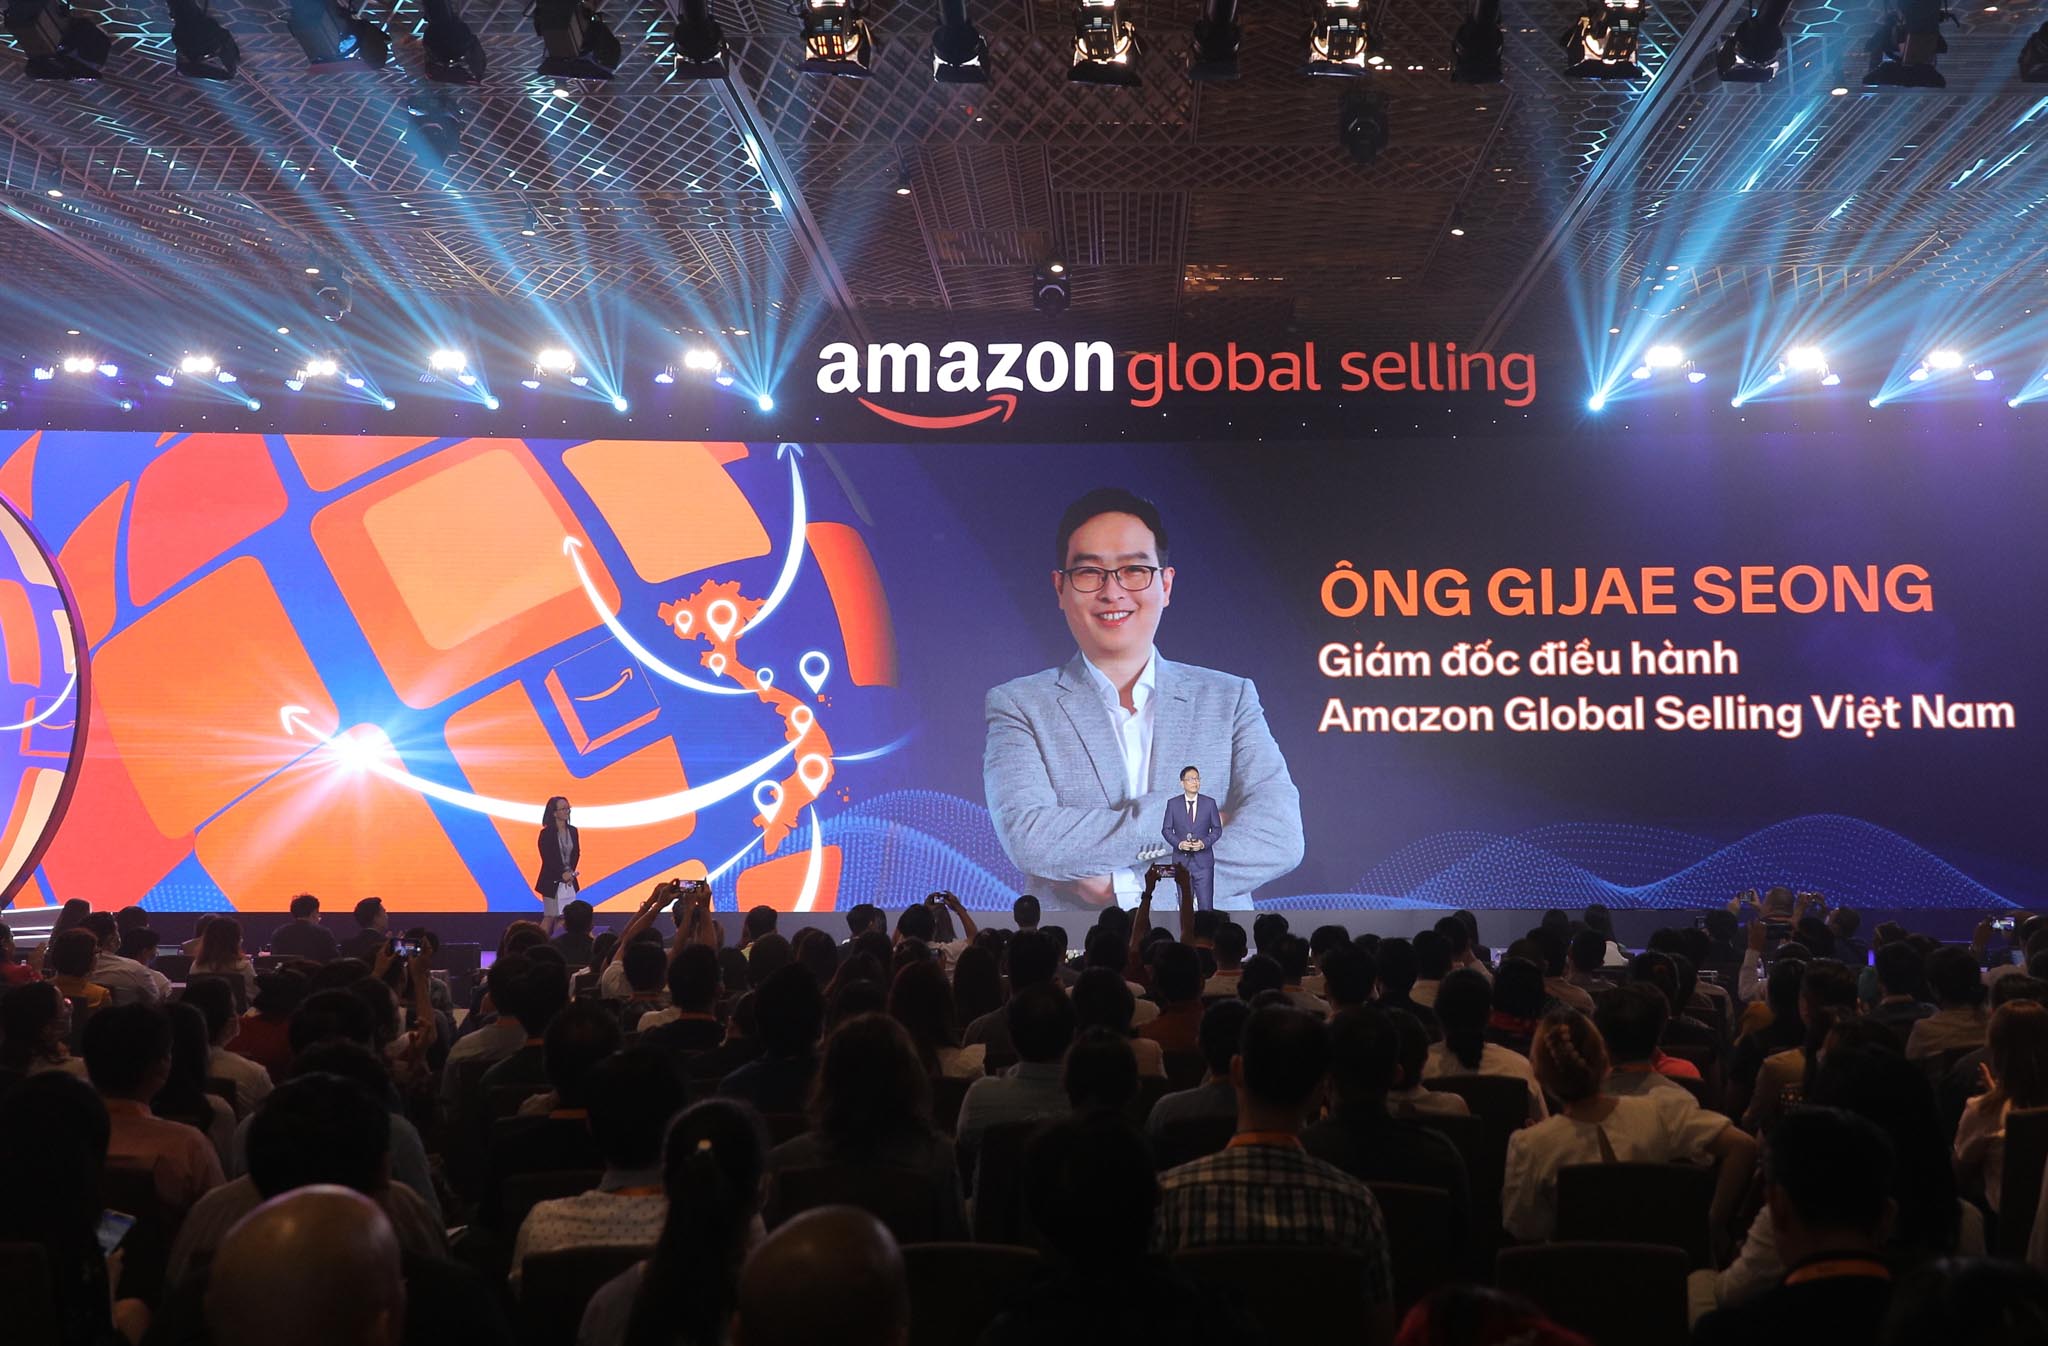 “Amazon Week 2022: Hội nghị Thương mại điện tử xuyên biên giới” khai mạc tại TP.HCM
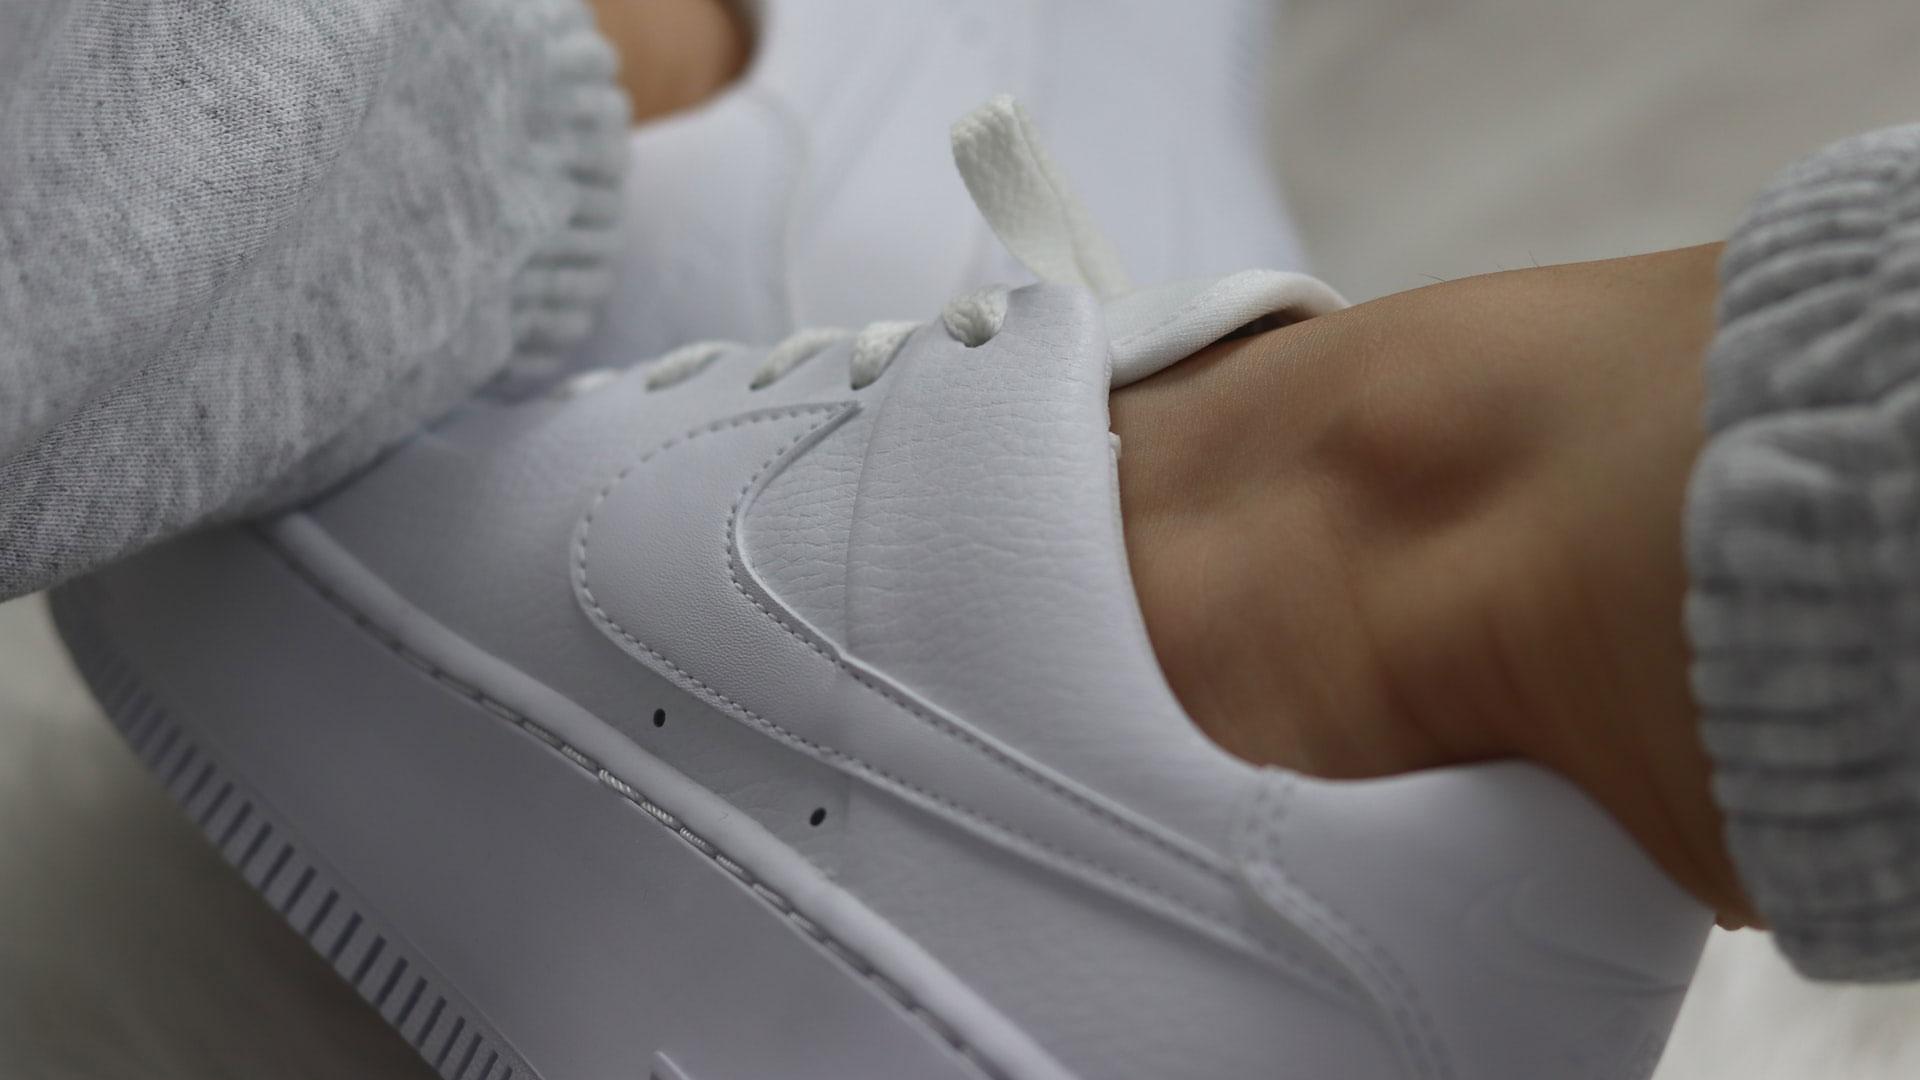 Witte sneakers schoonmaken? Dit zijn de ultieme tips
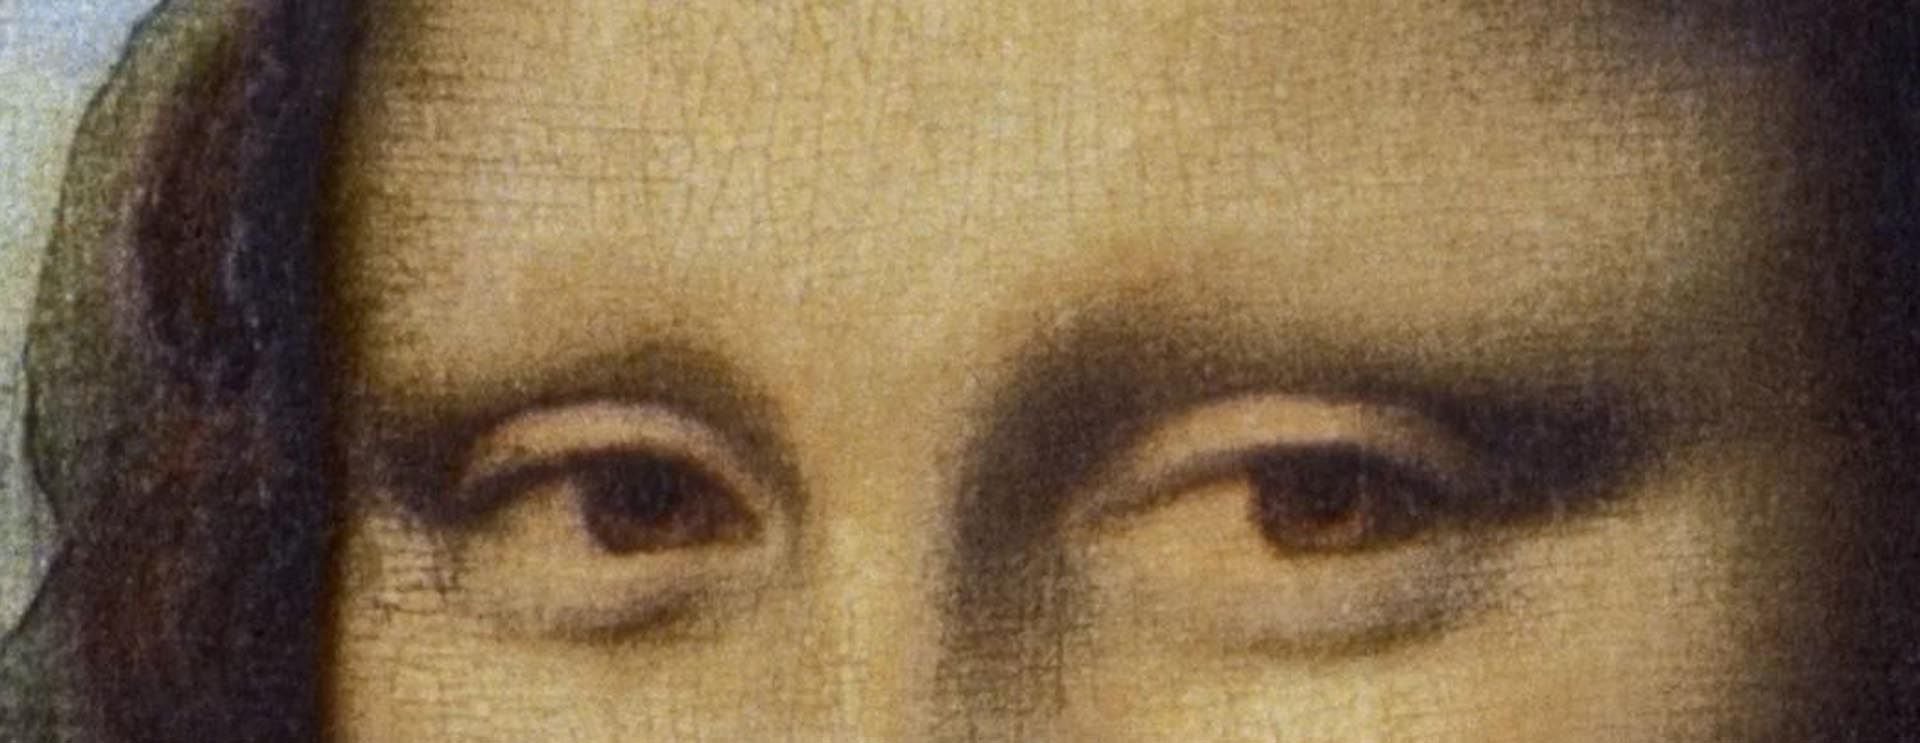 Encontrar plumbonacrita en la “Mona Lisa” atestigua “el espíritu de experimentación apasionada y constante de Leonardo como pintor: es lo que lo hace atemporal y moderno”, comentaron los científicos y expertos.
--------------------
--- What you need to do ---
Beginning with the line that holds "Witte sneakers schoonmaken?", output each line to the end of the material above, exactly, omitting the pictures.

--- Written answer ---
 Witte sneakers schoonmaken? Dit zijn de ultieme tips
 Encontrar plumbonacrita en la “Mona Lisa” atestigua “el espíritu de experimentación apasionada y constante de Leonardo como pintor: es lo que lo hace atemporal y moderno”, comentaron los científicos y expertos.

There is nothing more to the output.